Fernando quiso tener clemencia del hombre por considerar que no estaba en sus cabales, pero sus consejeros decidieron que el hecho merecía un castigo de una magnitud de acuerdo con el enorme delito que no se había consumado por verdadera casualidad. Esto lo realizaron las personas que integraban el Consejo de Ciento barcelonés sin que ni el rey ni la reina supiesen nada. Ordenaron rápidamente su desmembramiento público, durante un siniestro paseo por la ciudad de Barcelona, a la vista de todos, quienes se burlaban y escupían al pobre condenado. En un castillete de madera encima de un carro lo ataron a un palo desnudo, y durante la procesión comenzó la bárbara ejecución, que Carbonell describe con crudeza. En primer lugar, donde el sitio del atentado, le cortaron "un puño y medio brazo", con los que había cometido el crimen frustrado. Continuó el cortejo hacia otra calle, donde el verdugo le arrancó un ojo. Más allá, le extrajeron el otro ojo y le seccionaron la otra mano. "Así caminando lo desmembraron quitándole ora un miembro ora otro, hasta sacarle el cerebro; y así le hicieron morir sufriendo, que era cosa de piedad. Y nunca se movió ni habló ni decía nada ni se lamentaba, como si diesen sobre una piedra; y con gran barullo de muchachos y de gente joven que le caminaban en derredor, delante y detrás". Lo que quedaba del payés fue entregado al populacho, que apedreó sus sangrientos despojos. Finalmente, fue incinerado. Aunque en algún momento, según Esteban de Garibay «ahogáronle primero por clemencia y misericordia de la Reyna».

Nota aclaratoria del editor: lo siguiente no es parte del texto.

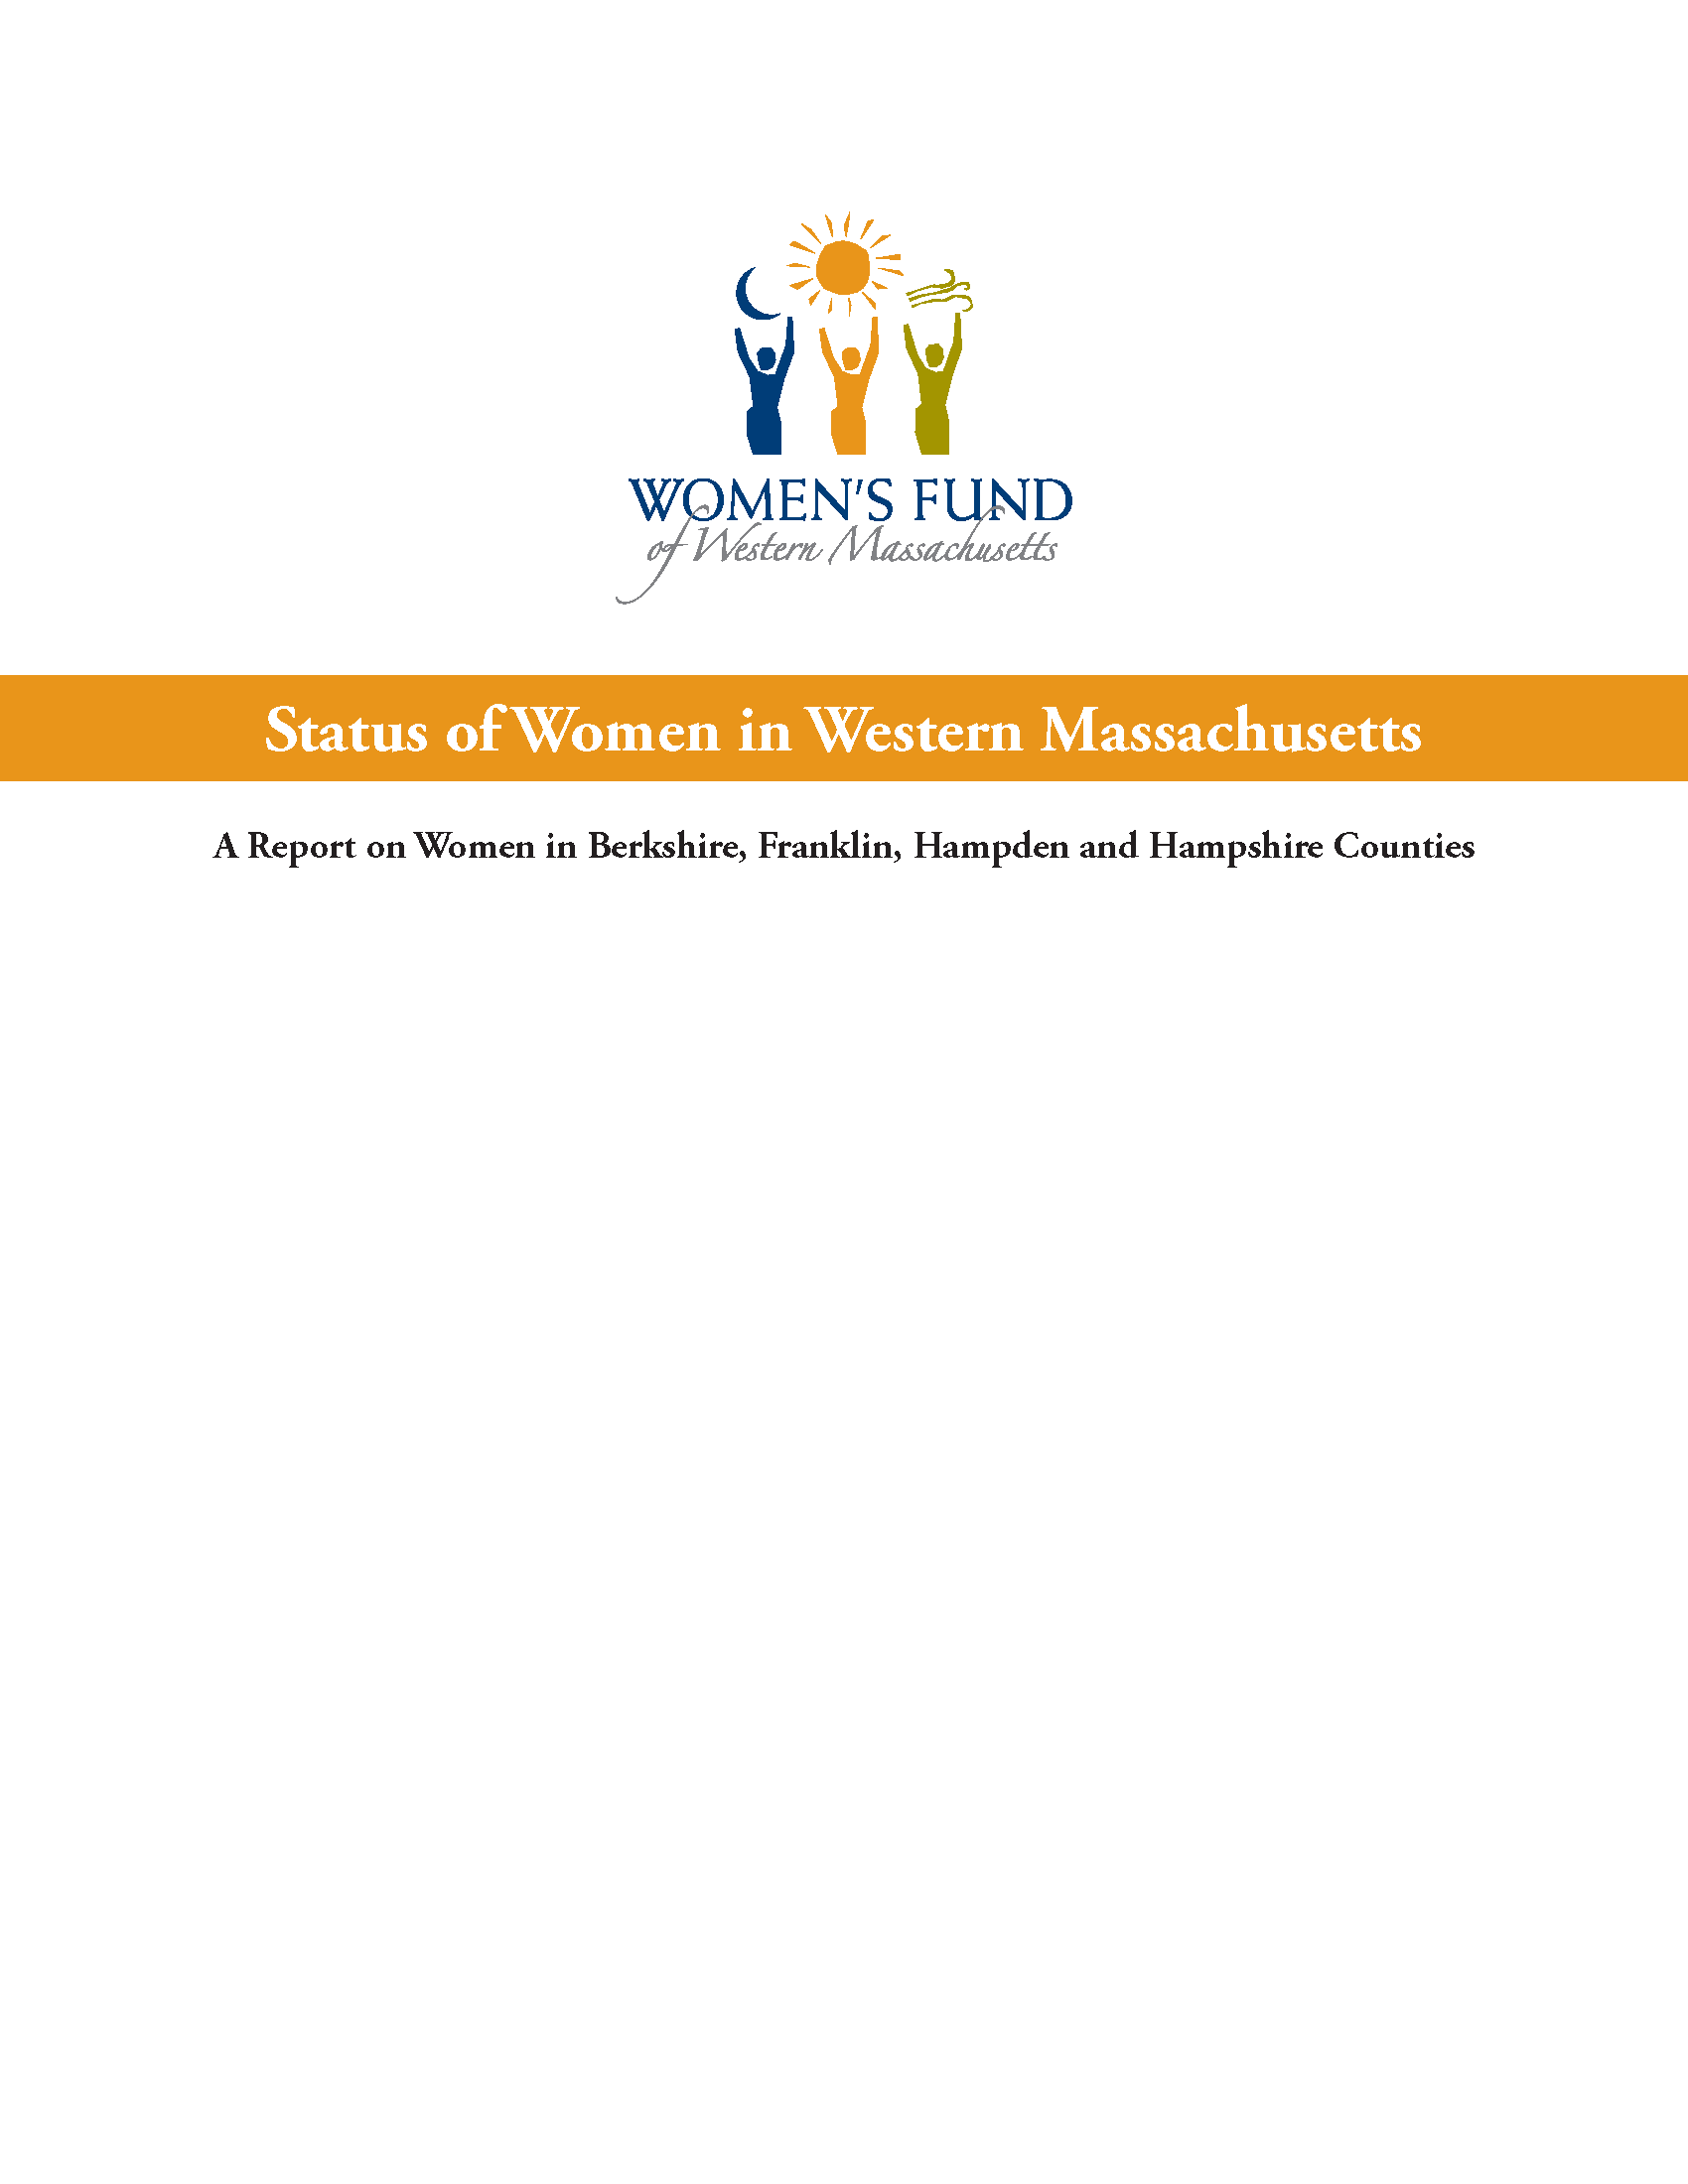 Snapshot image of the 2013 report on the Status of Women in Western Mass.

El cronista Bernáldez informó de esta manera del cruentísimo final de Joan Canyamás, que no tiene desperdicio: "Fue puesto en un carro e traído por toda la cibdad; e primeramente le cortaron la mano con que dio al rey, e luego con tenazas de fierro ardiendo le sacaron una teta, e luego un ojo, e después le cortaron la otra mano, e luego le sacaron el otro ojo, e luego la otra teta, e luego las narizes; e todo el cuerpo e vientre le abocadaron los herreros con tenazas ardiendo, e fuéronle cortados los pies; e después que todos los mienbros le fueron cortados, sacáronle el coraçón por las espaldas. E echáronlo fuera de la cibdad, donde los moços e mochachos de la cibdad lo apedrearon e lo quemaron con fuego, e aventaron la ceniza al viento"

«Le cortaron la mano derecha con quelo fizo e los pies conque vino a lo fazer, e sacaronle los ojos con quelo vido e el corazon con quelo penso»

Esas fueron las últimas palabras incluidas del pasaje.